Pour Aristote, ce qui fonde la polis, c’est la communauté des sentiments moraux (les principes
moraux). Ainsi, l’Etat aménage l’espace des particularités, il n’est pas changé.

Dans l’Etat platonicien, tous les choix sont dirigés par l’Etat. Le plein pouvoir est donné au
rationnel. On a donc que le choix du conjoint et du travail, par exemple, ne dépend de personne
d’autre que de l’Etat. Seulement, cela ressemble plutôt à un Etat totalitaire. Aucune autonomie
relative n’est laissée à l’individu. La raison raisonne tout. L’opinion est mauvaise en-soi, les
enfants sont les fils et filles de l’Etat.
Kant, dans Projet de Paix Perpétuel, défini, dans un premier temps, ce qu’est, à travers la
notion de pouvoir, celle de souveraineté. Pour lui, c’est quelque chose qui est premier, qui se
définit par l’absence totale de dépendance auprès de quiconque et qui n’a pas d’autorité
au-dessus de soi. Enfin, l’autorité du souverain s’impose et l’emporte sur toute les autres, il est
source de légitimité. D’autre part, il veut que la notion de démocratie ne soit pas
perpétuellement rattachés à la celle de la république. Il définit, au préalable, trois formes de
pouvoir et deux formes de régimes.

- La pouvoir d’un seul, c’est l’autocratie.

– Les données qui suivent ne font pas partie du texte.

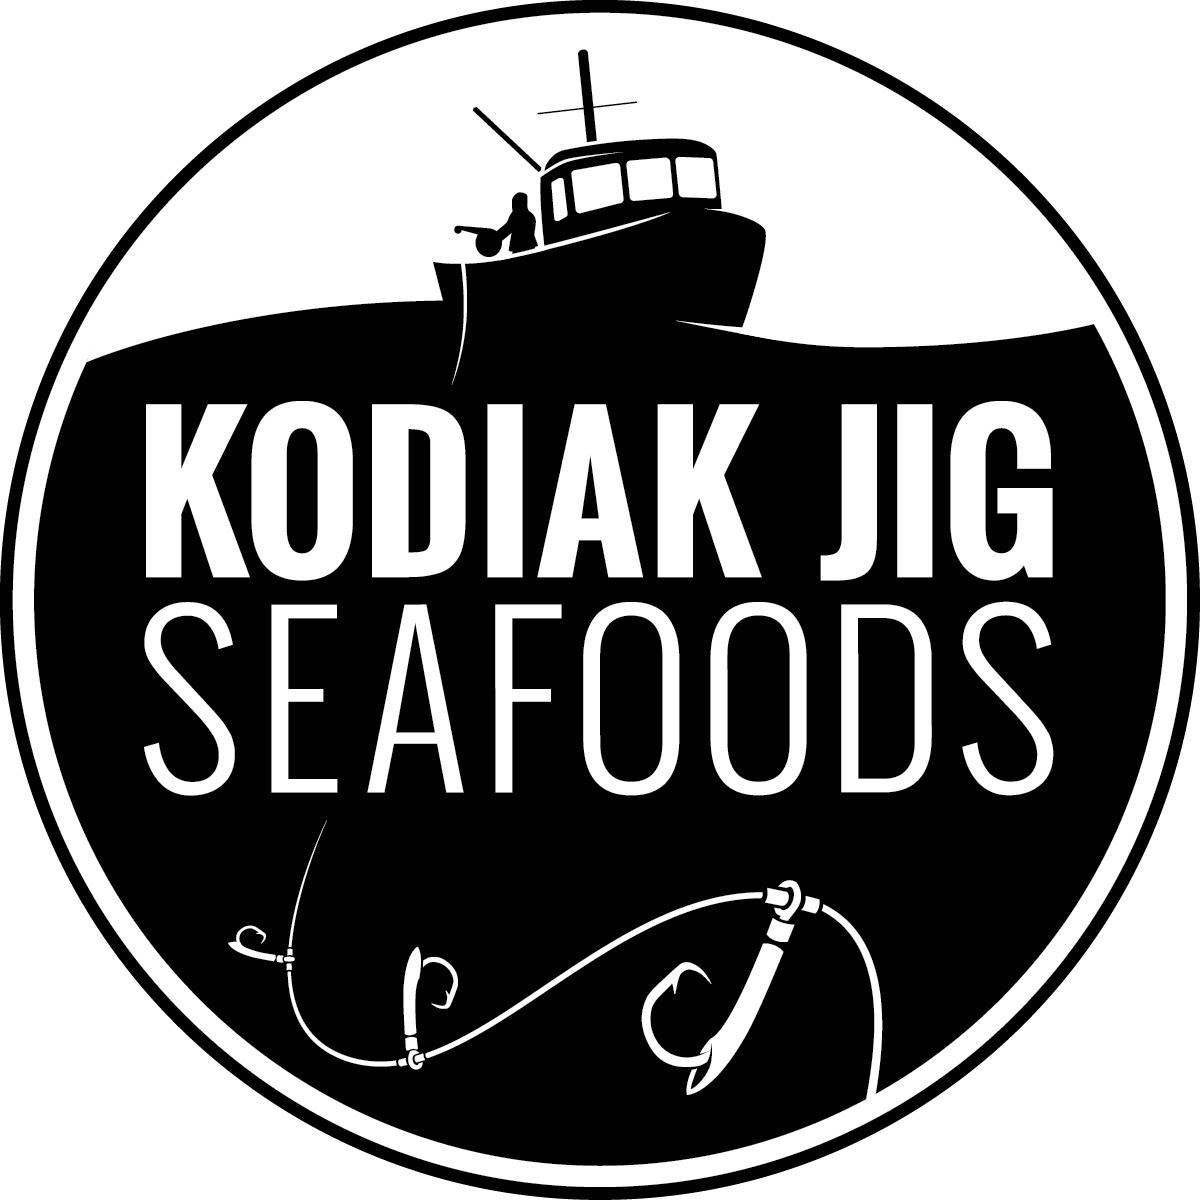 Kodiak-Jig-Seafoods-+Logo+.jpg

- Le pouvoir de plusieurs, c’est l’aristocratie.
- Le pouvoir à tous, c’est la démocratie.
- Le régime despotique se définit par le fait que ce sont les mêmes qui font les lois et ceux
qui exécutent. Ils ont un pouvoir, à la fois législatif mais aussi exécutif. Dans le
despotisme, le pouvoir est exercé au nom de ceux qui ont le pouvoir. Il s’exprime par une
volonté particulière.
- Le pouvoir républicain se définit par une séparation des pouvoirs. Le républicanisme
s’exerce vers quelque chose qui n’est plus particulier, il tend vers une volonté générale ou
universelle.

Pour lui, la forme démocratique est nécessairement despotique. De fait, ceux qui font la loi
sont le peuple, ceux qui l’exerce sont aussi le peuple. On a une coïncidence entre le législatif et
l’exécutif : « La forme démocratique, au sens propre, est nécessairement despotique ». Cependant, il
mentionne qu’il est possible d’utiliser un pouvoir despotique en étant à la fois le représentant d’une
chose plus grande que lui, et non pas comme quelque chose visant son intérêt personnel. Au final, il
veut exprimer l’idée qu’il y a quelque chose d’autre que de la volonté du peuple.

On peut finalement faire référence à la république platonicienne dans laquelle les


philosophes deviennent rois et les rois deviennent philosophes. Dans Denis à Syracuse, pour que le
bien puisse éclairer tous les hommes, il faut donner le pouvoir aux philosophes de façon républicaine.